A bridge course for people who already know PyTorch. Every lesson maps a concept you learned in the PyTorch course to its Keras equivalent — tensors, Sequential/Functional models, the compile/fit loop, tf.data, callbacks, GradientTape, and saving/serving — so you get productive in TensorFlow fast, without relearning the fundamentals.
Before you start
This course assumes the Deep Learning with PyTorch course — it teaches only what’s different in Keras, not deep learning from scratch. You need Python 3.10+ and tensorflow (which bundles Keras). A CPU install works for everything here.
Setup & Tensors
You already know deep learning from PyTorch — this course maps it to Keras. Start with the two frameworks side by side, install TensorFlow, and meet tf.Tensor.
Building Models
nn.Module has two Keras counterparts: the Sequential API for simple stacks and the Functional API for anything with branches. Map your PyTorch model-building instincts across.
compile() & fit()
This is the biggest difference from PyTorch. Instead of writing the training loop by hand, you configure it with compile() and run it with fit() — convenience for control.
Data Pipelines with tf.data
tf.data.Dataset is Keras’s answer to Dataset + DataLoader — batching, shuffling, and prefetching, but as a chained, lazy pipeline. Feed it straight into fit().

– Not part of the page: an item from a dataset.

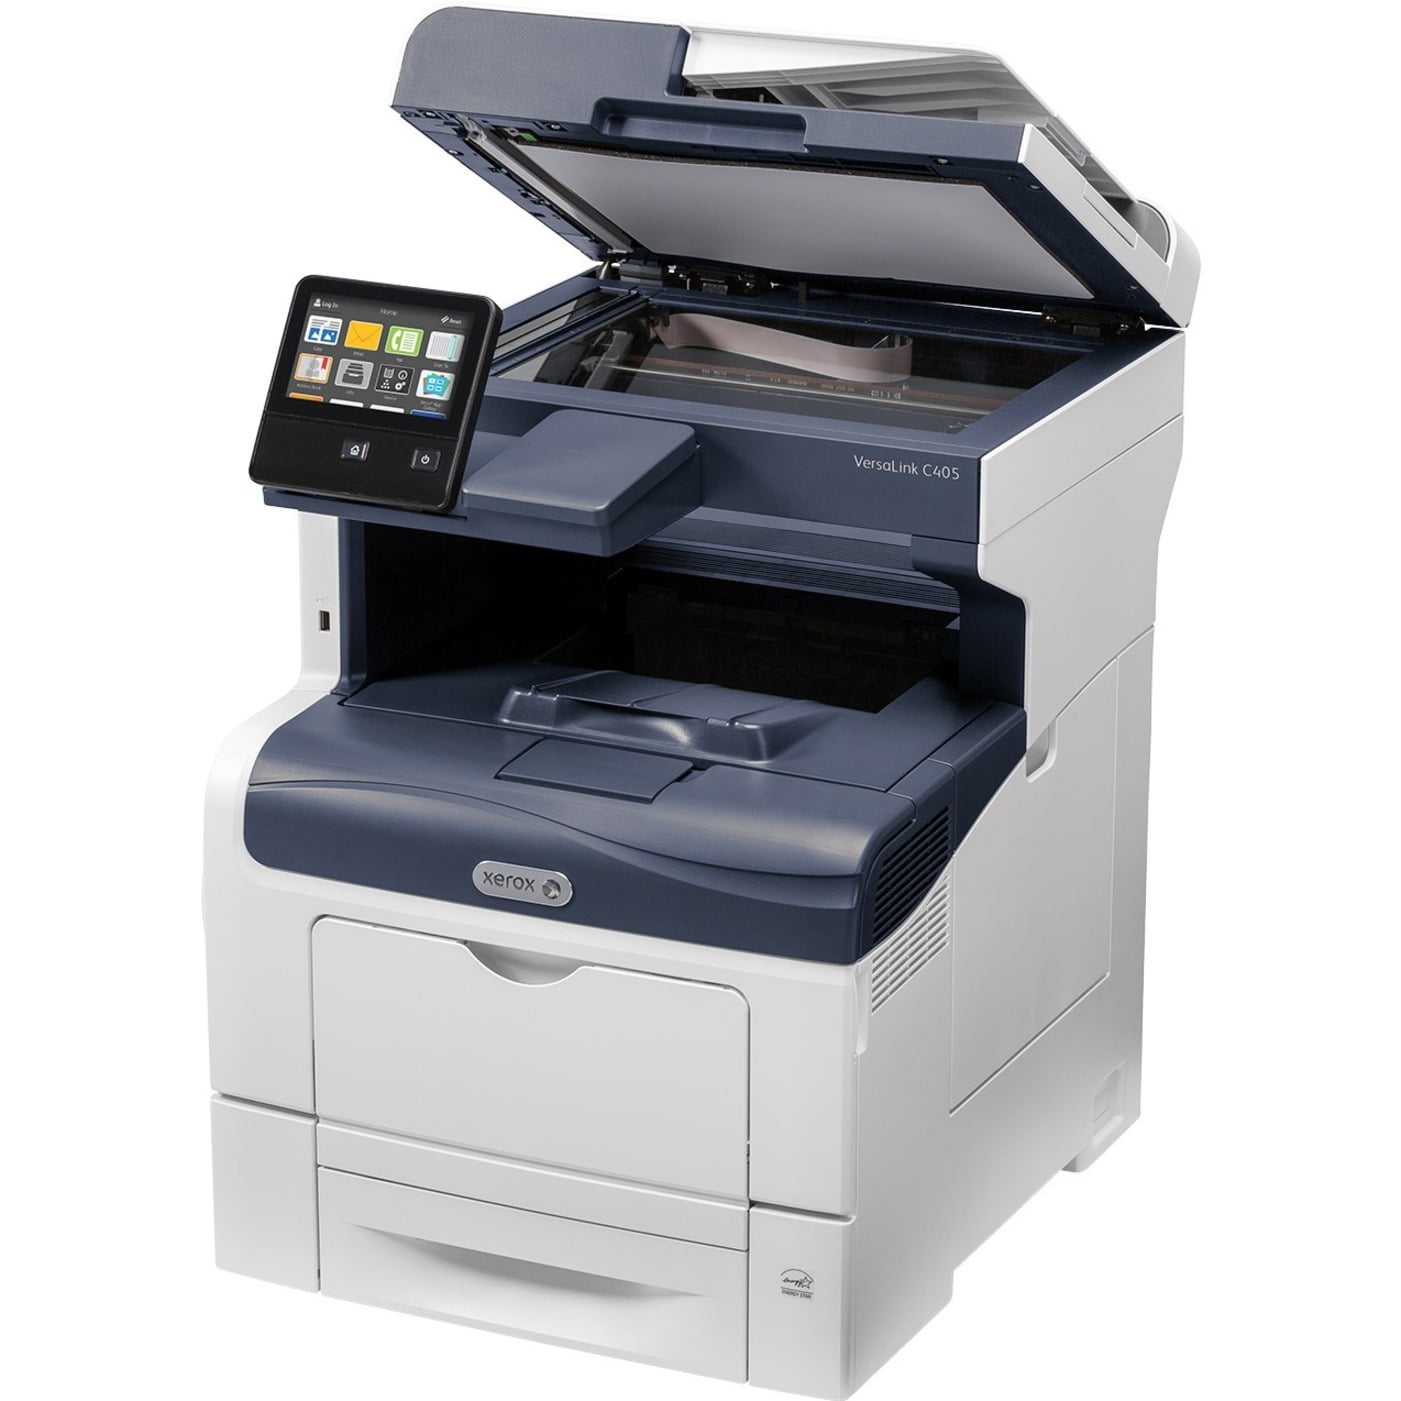  Xerox VersaLink C405 DN Laser Multifunction Printer Color Walmart 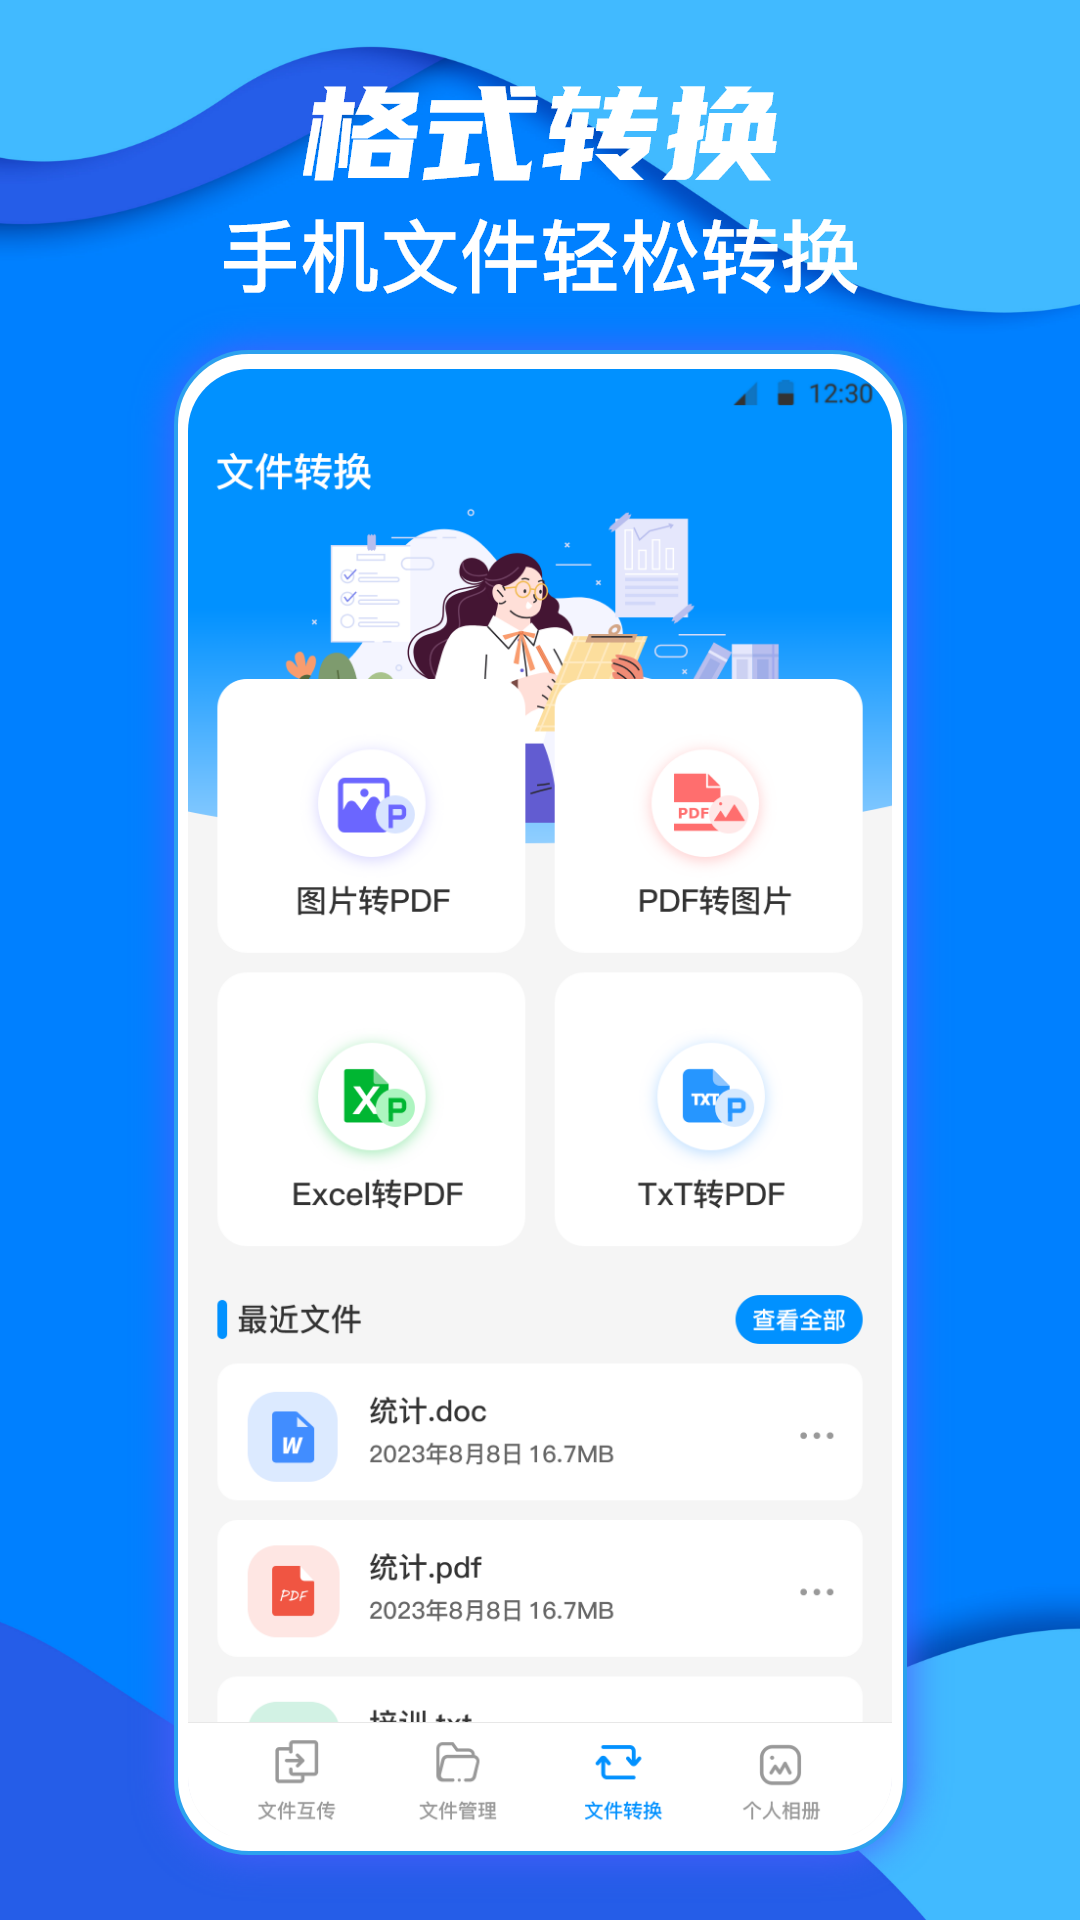 鹏成换机助手app下载,鹏成换机助手app安卓版 v3.3.0904

Callbacks & Custom Training
The techniques you coded by hand in PyTorch — early stopping, checkpoints, LR schedules — are built-in Keras callbacks. And when fit() isn’t enough, GradientTape gives you the manual loop back.
Saving & Serving
Ship the trained model. Save in the Keras or SavedModel format, reload for inference, and export to TensorFlow Serving or TFLite — the TF equivalents of TorchScript/ONNX.